The effect of all these dis­rup­tions though is one of unex­pected con­ti­nu­ity.   Ros­alind Krauss once observed that the mute­ness of the pho­to­graphic index derived from the implaca­ble con­ti­nu­ity of its pic­ture plane: that it could not be artic­u­lated into dis­crete units of mean­ing, as lan­guage can, gave the pho­to­graph its unspeak­ing aspect.  I was sur­prised to find that despite Dillon’s many dis­rup­tions and break­ages, the con­ti­nu­ity of the pic­ture plane remained, or per­haps closed over its newly dis­uni­fied con­tents, envelop­ing them in its ret­i­cent tes­ti­mony.  This was due, I sus­pect, on the pre­dom­i­nant use of Pho­to­shop to make his marks, which leaves the sur­face of the pho­to­graph intact.  The occa­sional inter­ven­tions onto the lit­eral sur­face, act in con­trast as strik­ing, almost vio­lent accents break­ing the illu­sion of break­age he has cre­ated for us within the pic­ture plane – at once shar­ing the same impulse and ori­gin as the Pho­to­shop marks and yet tak­ing place in a com­pletely dif­fer­ent dimen­sion and thus remark­ing upon and encap­su­lat­ing the entire van­dal­is­tic process in his art.

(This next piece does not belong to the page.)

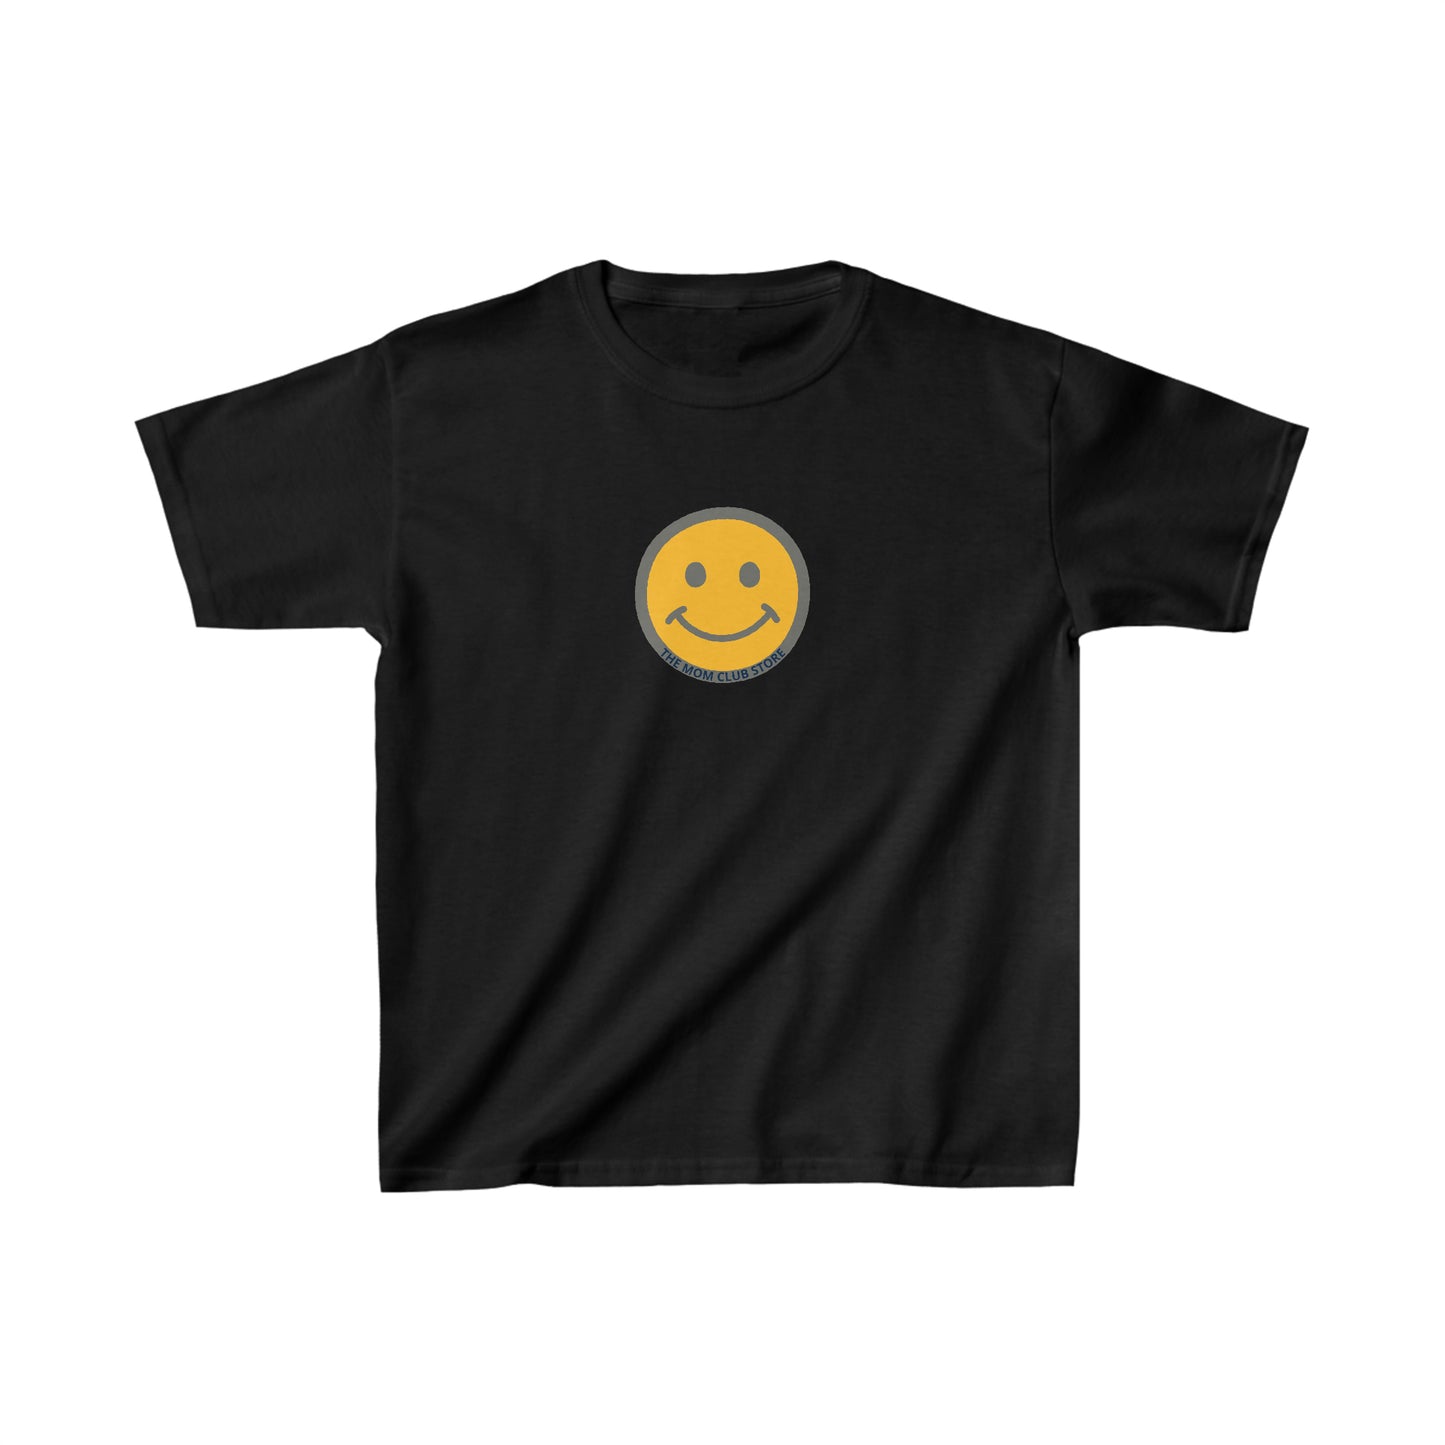 Children's unisex SMILEY print short-sleeved t-shirt

These works are ulti­mately an expres­sion of hope; a hope sus­tained by the desire to shat­ter or trans­gress the impla­ca­bil­ity of the world as it is, so that some­thing, any­thing might be cre­ated from its ruins.  This expres­sion, though, is itself entrapped in the world it attempts to tear down.  This hope is as fatal­is­tic as the world it bright­ens.  It does not offer us utopic vis­tas or pris­tine Arca­dias or any of the other dreams into which we might escape real­ity. It offers us only pub­lic hous­ing estates, these habi­tats of poverty, fear, and extreme despair and yet, within that world, as a native to it, hope and a wil­fully cre­ative urge dwell as the impulse of run­ning water in a frozen place.